Content starts

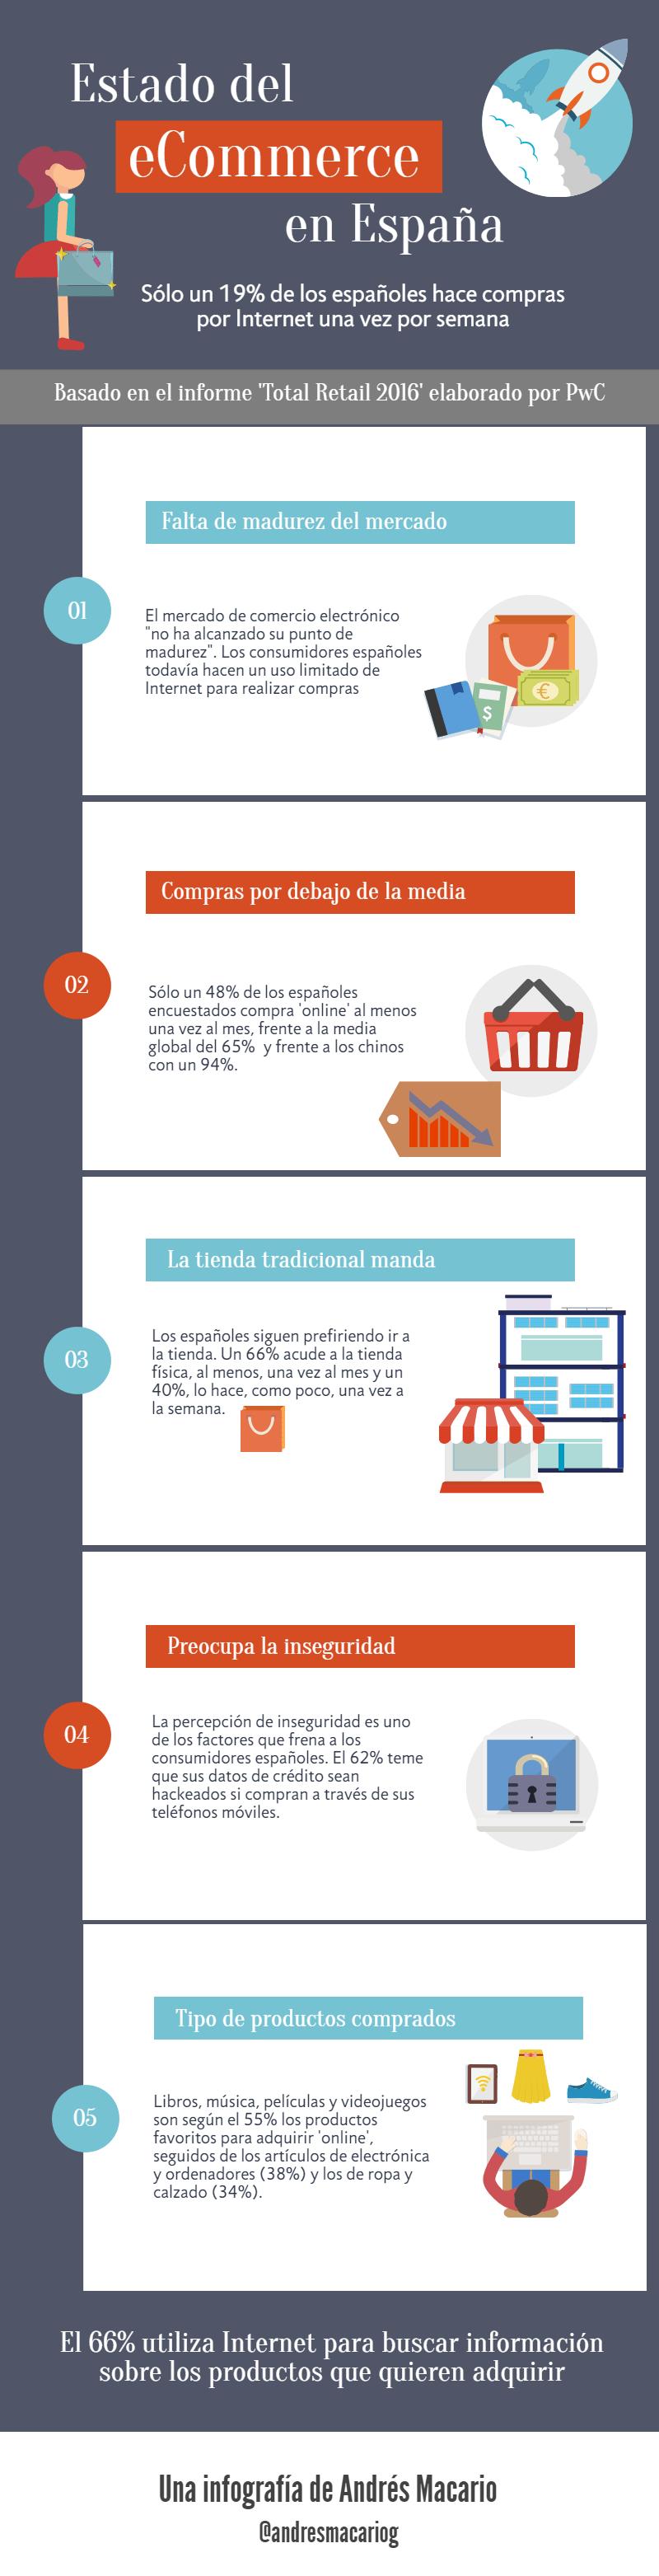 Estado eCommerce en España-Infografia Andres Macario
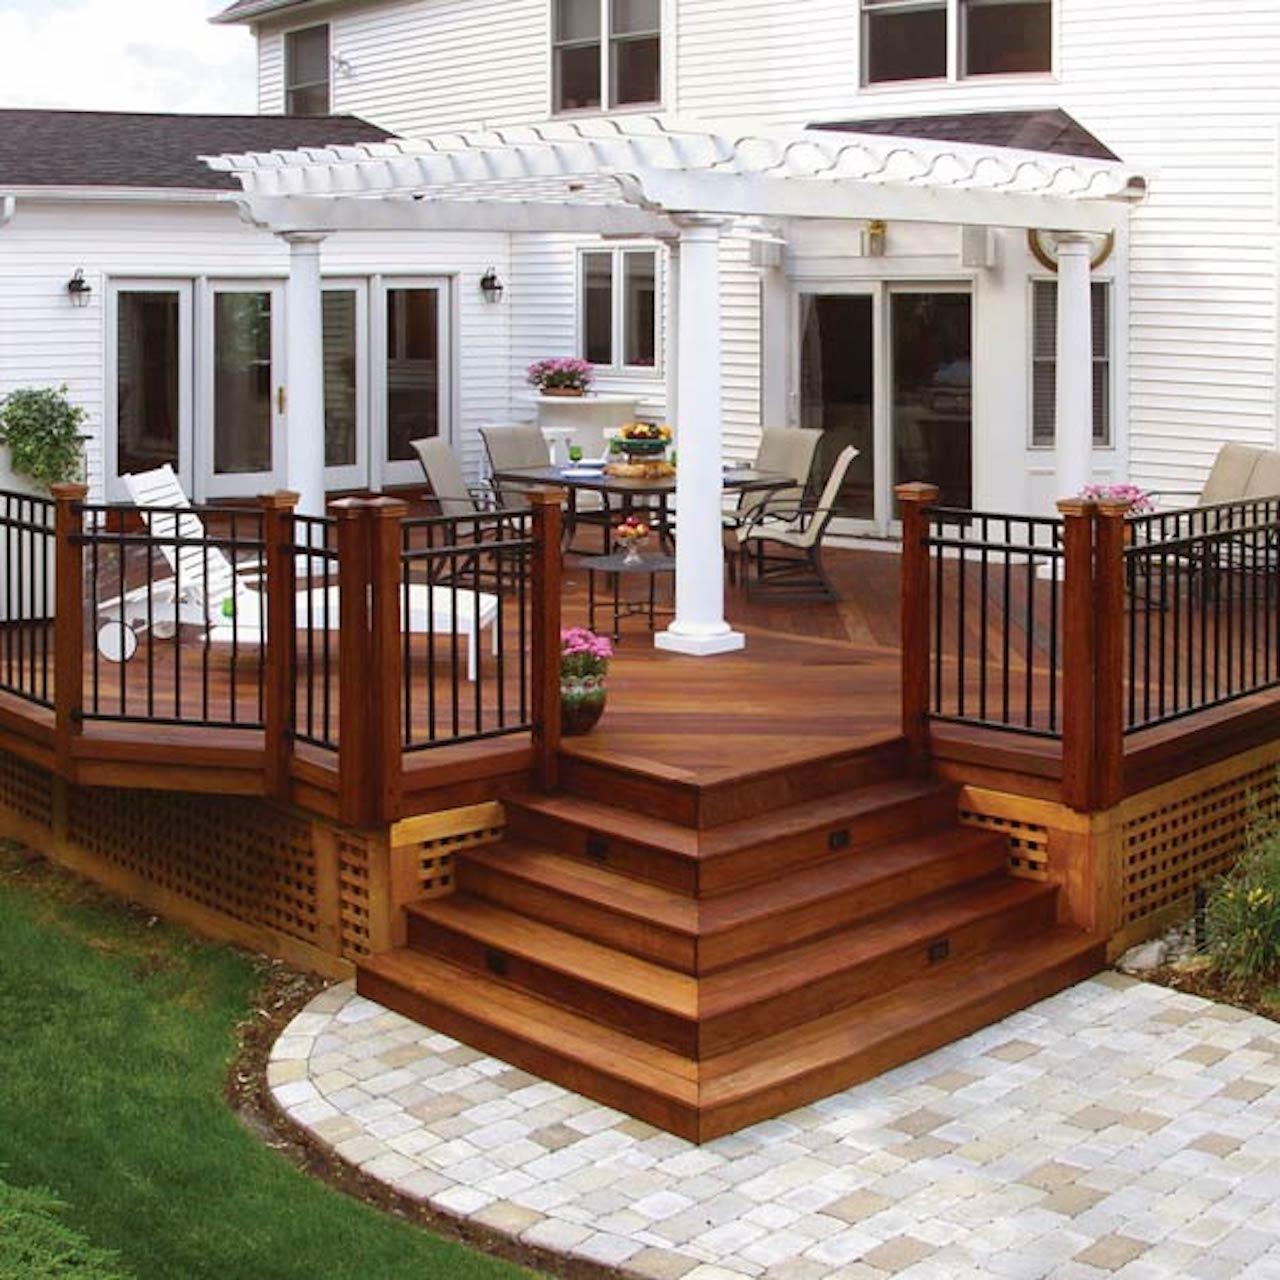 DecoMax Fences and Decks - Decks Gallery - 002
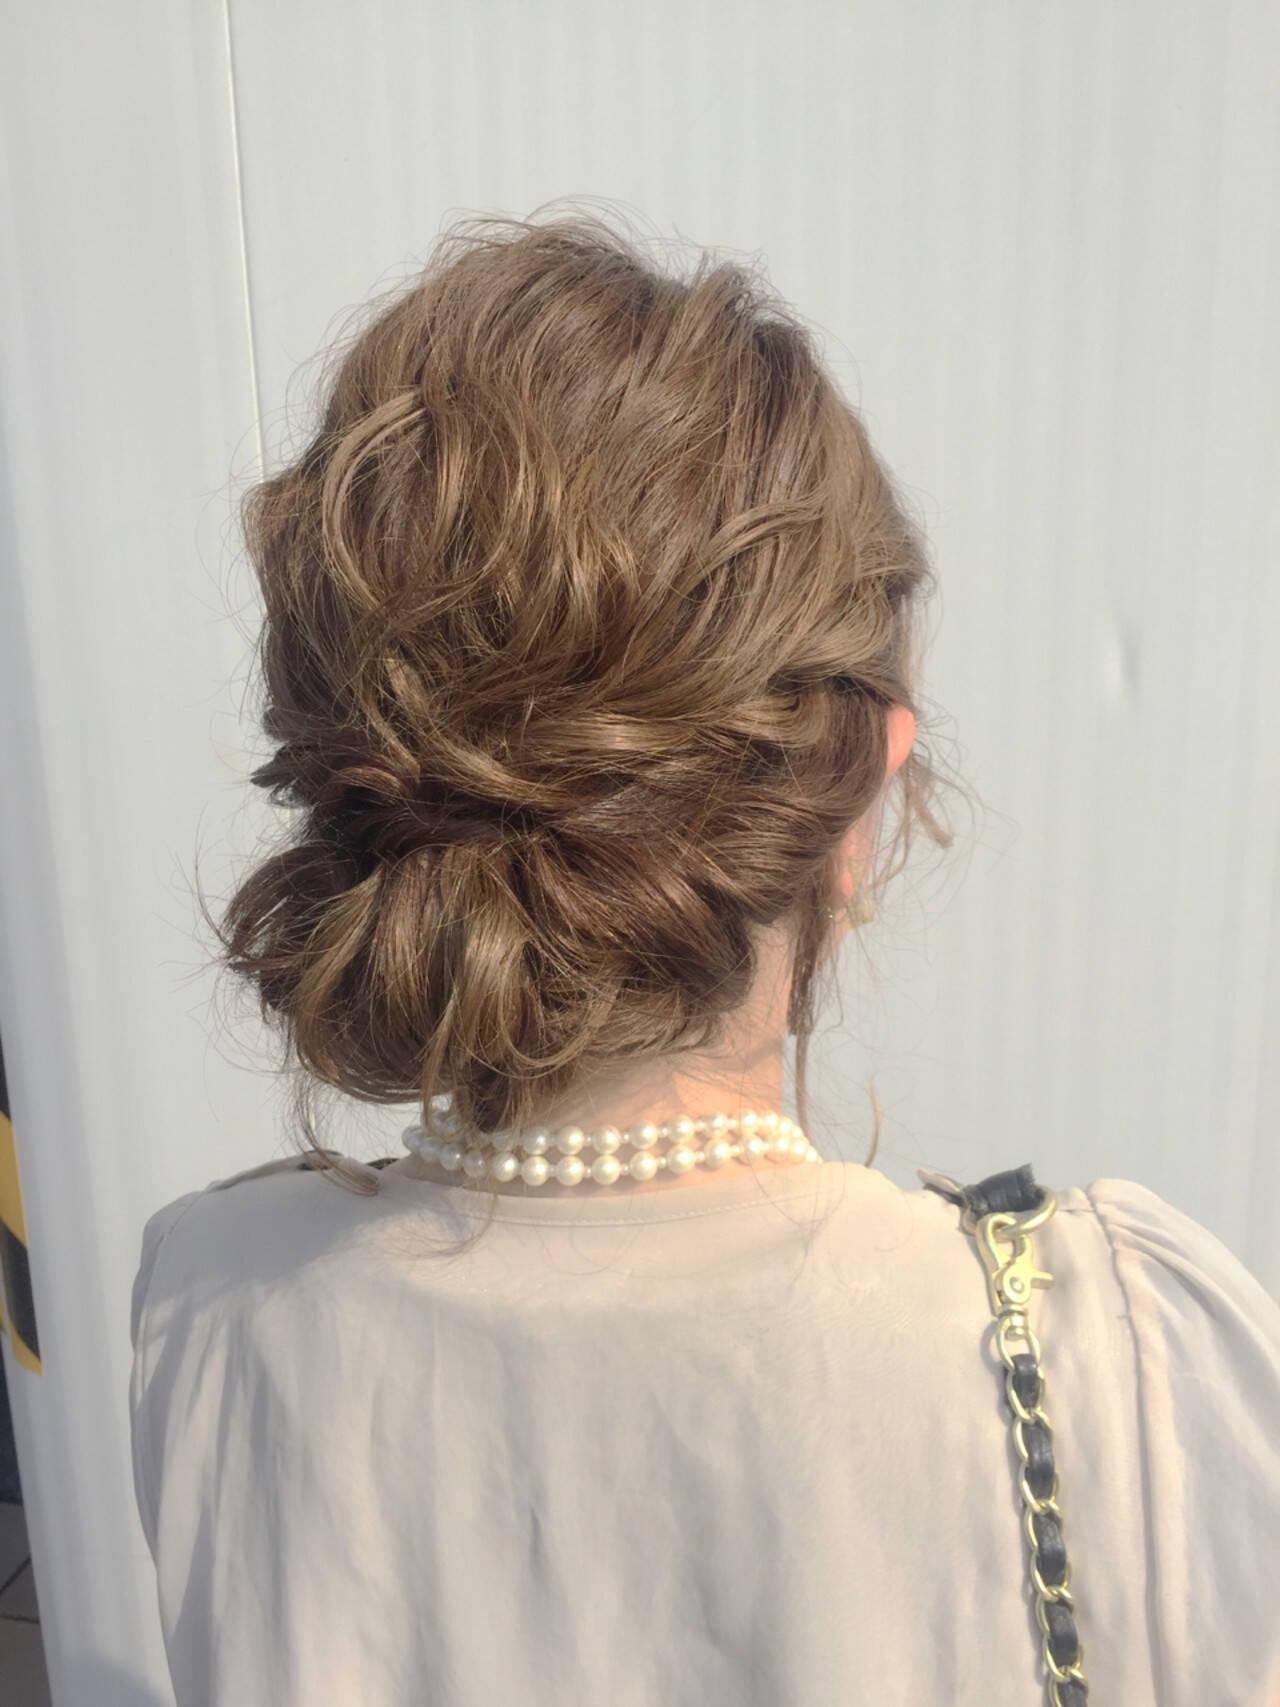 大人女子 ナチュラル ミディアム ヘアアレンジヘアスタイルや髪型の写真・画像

Content ends

▶ _Your task_: Excluding pictures, reproduce the listing above exactly as it stands.

▶ _Solution_:
 Estado eCommerce en España-Infografia Andres Macario
 DecoMax Fences and Decks - Decks Gallery - 002
 大人女子 ナチュラル ミディアム ヘアアレンジヘアスタイルや髪型の写真・画像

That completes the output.